▸ Instructions to follow
Word for word, restate the lines of the listing below from the line with "Vintage Fishing Pole Holder with Alarm" through the line with "Nanamica ALPHADRY Shirt", and do not include the pictures.

▸ Material to process
_ _ _ _ _

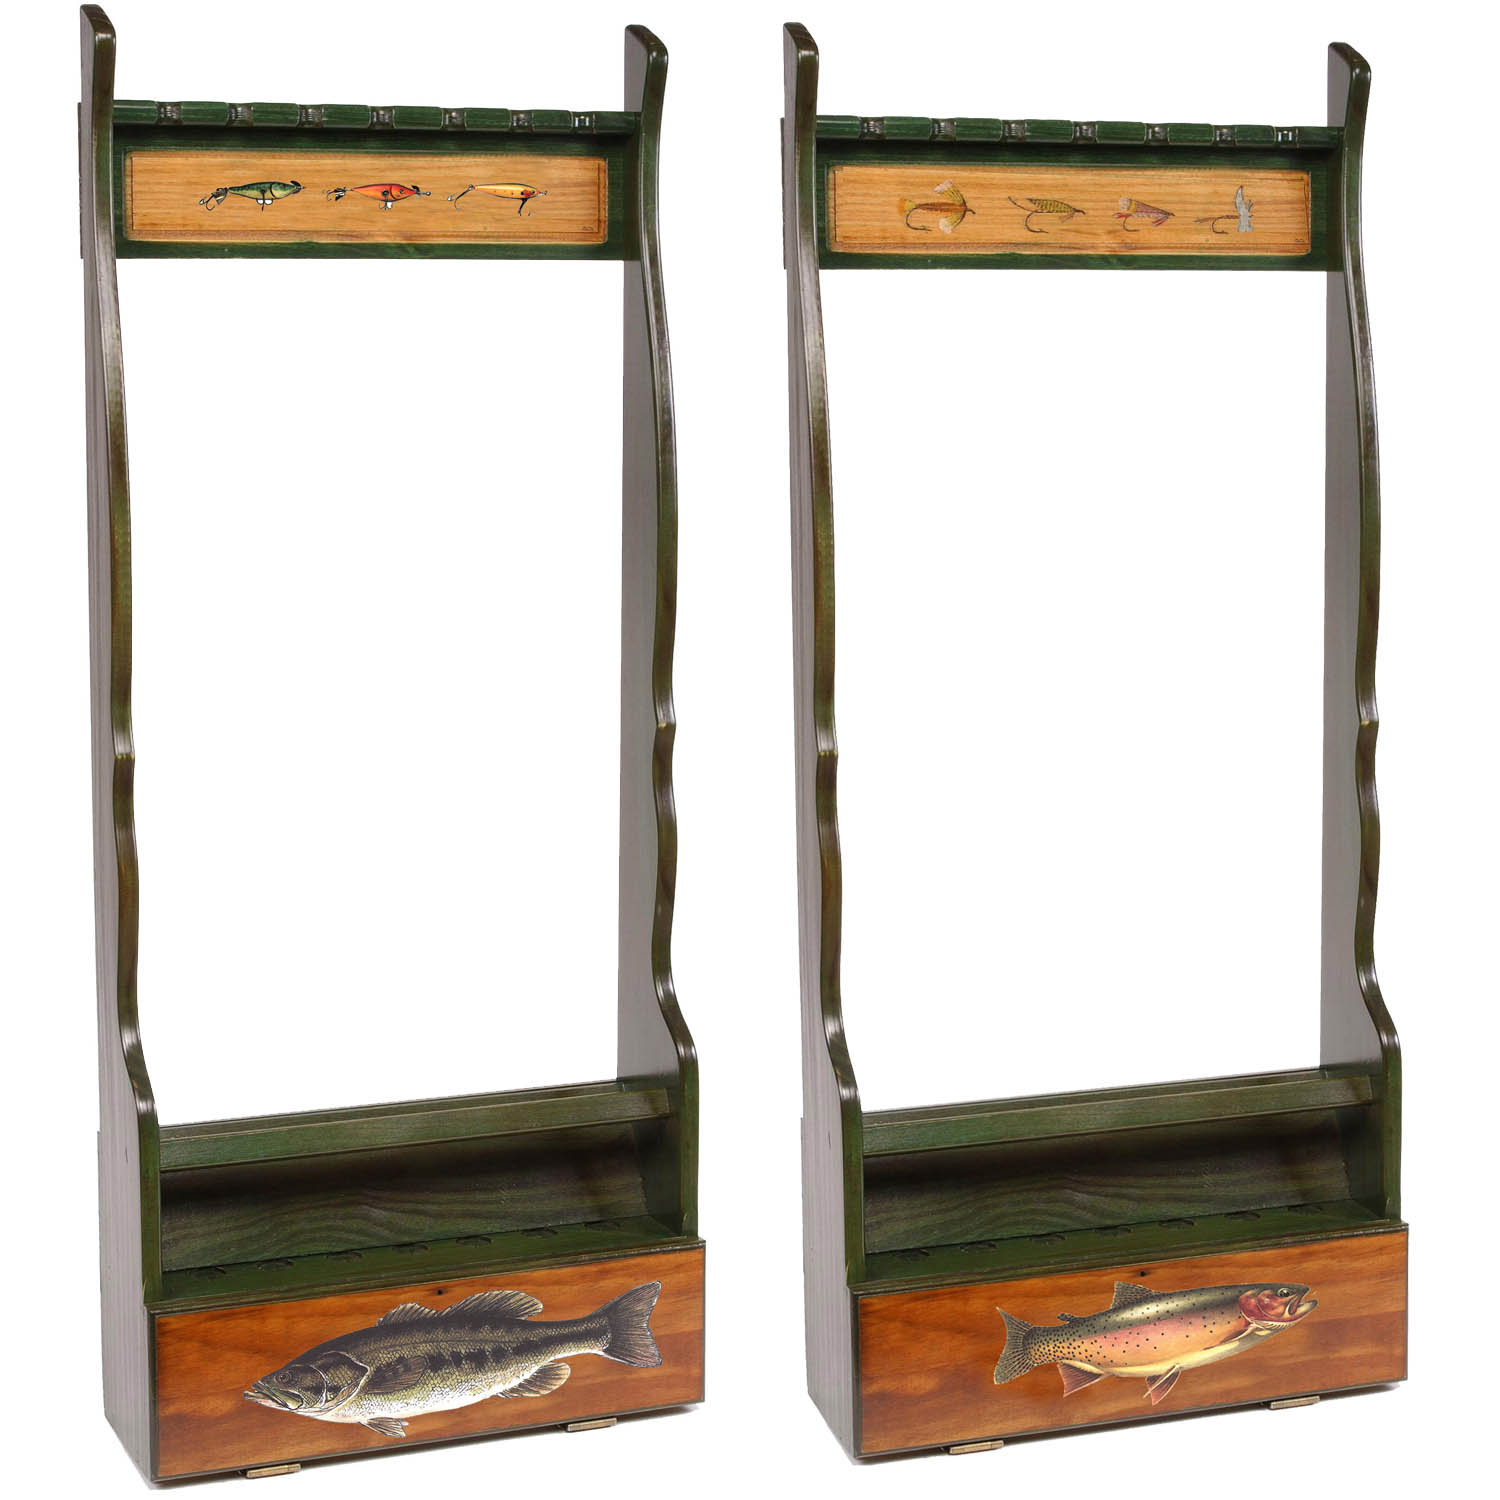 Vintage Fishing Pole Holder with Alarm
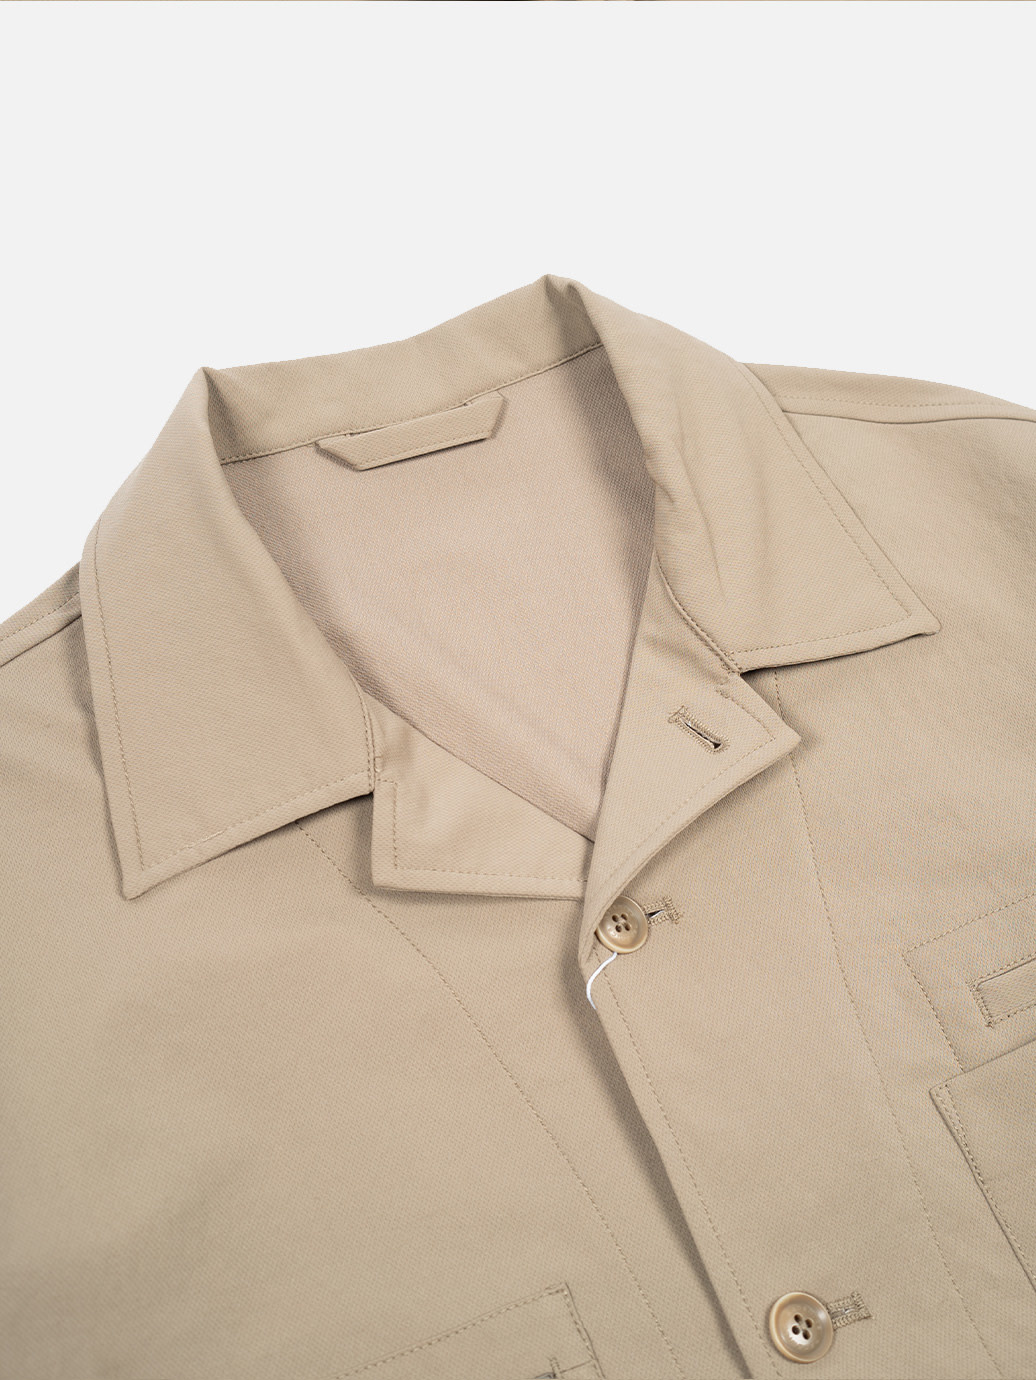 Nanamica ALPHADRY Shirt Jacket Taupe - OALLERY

_ _ _ _ _

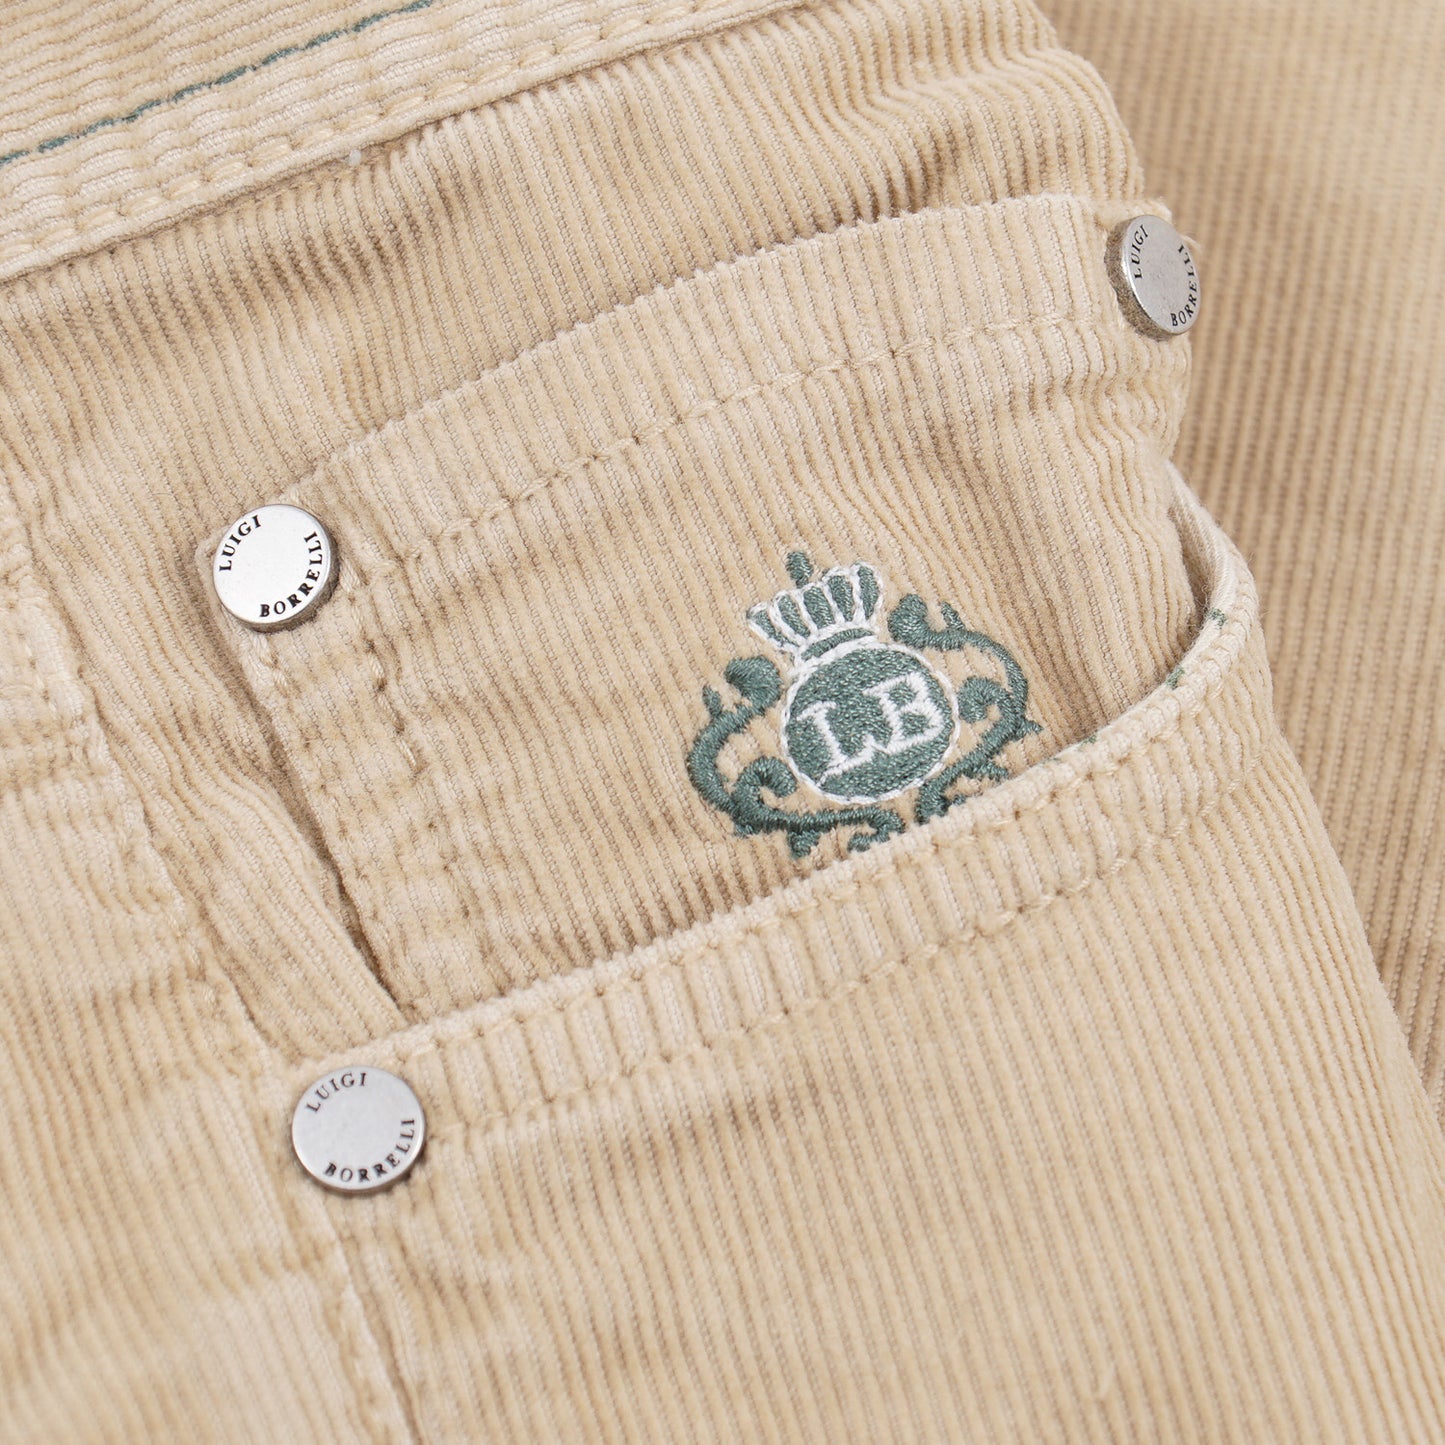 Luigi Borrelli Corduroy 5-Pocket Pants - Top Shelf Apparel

_ _ _ _ _

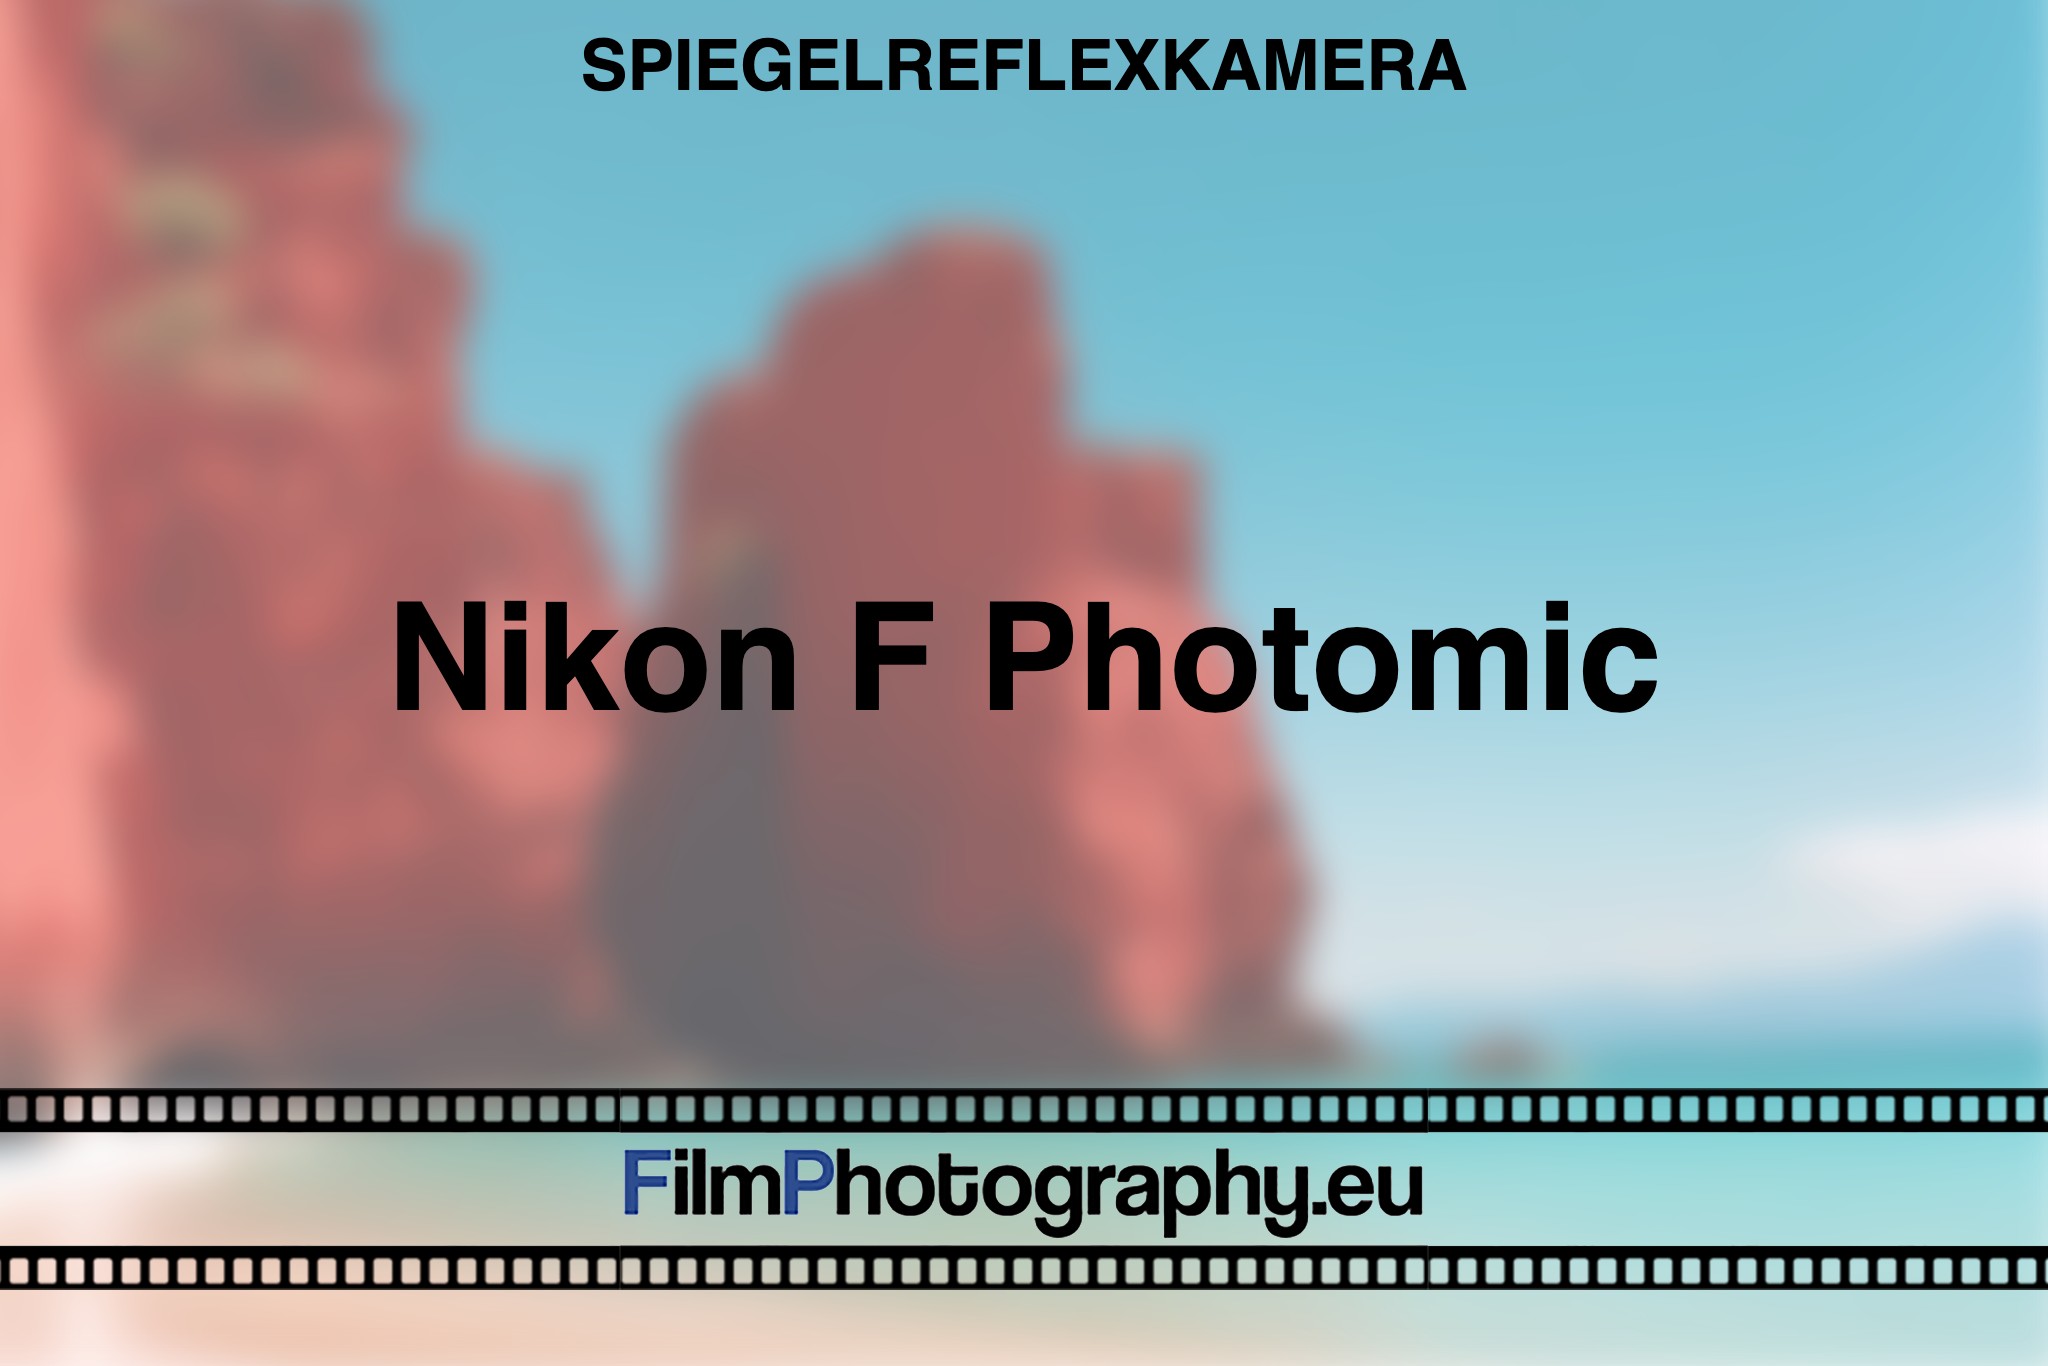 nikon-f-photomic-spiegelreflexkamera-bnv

_ _ _ _ _

▸ Written reply
 Vintage Fishing Pole Holder with Alarm
 Nanamica ALPHADRY Shirt Jacket Taupe - OALLERY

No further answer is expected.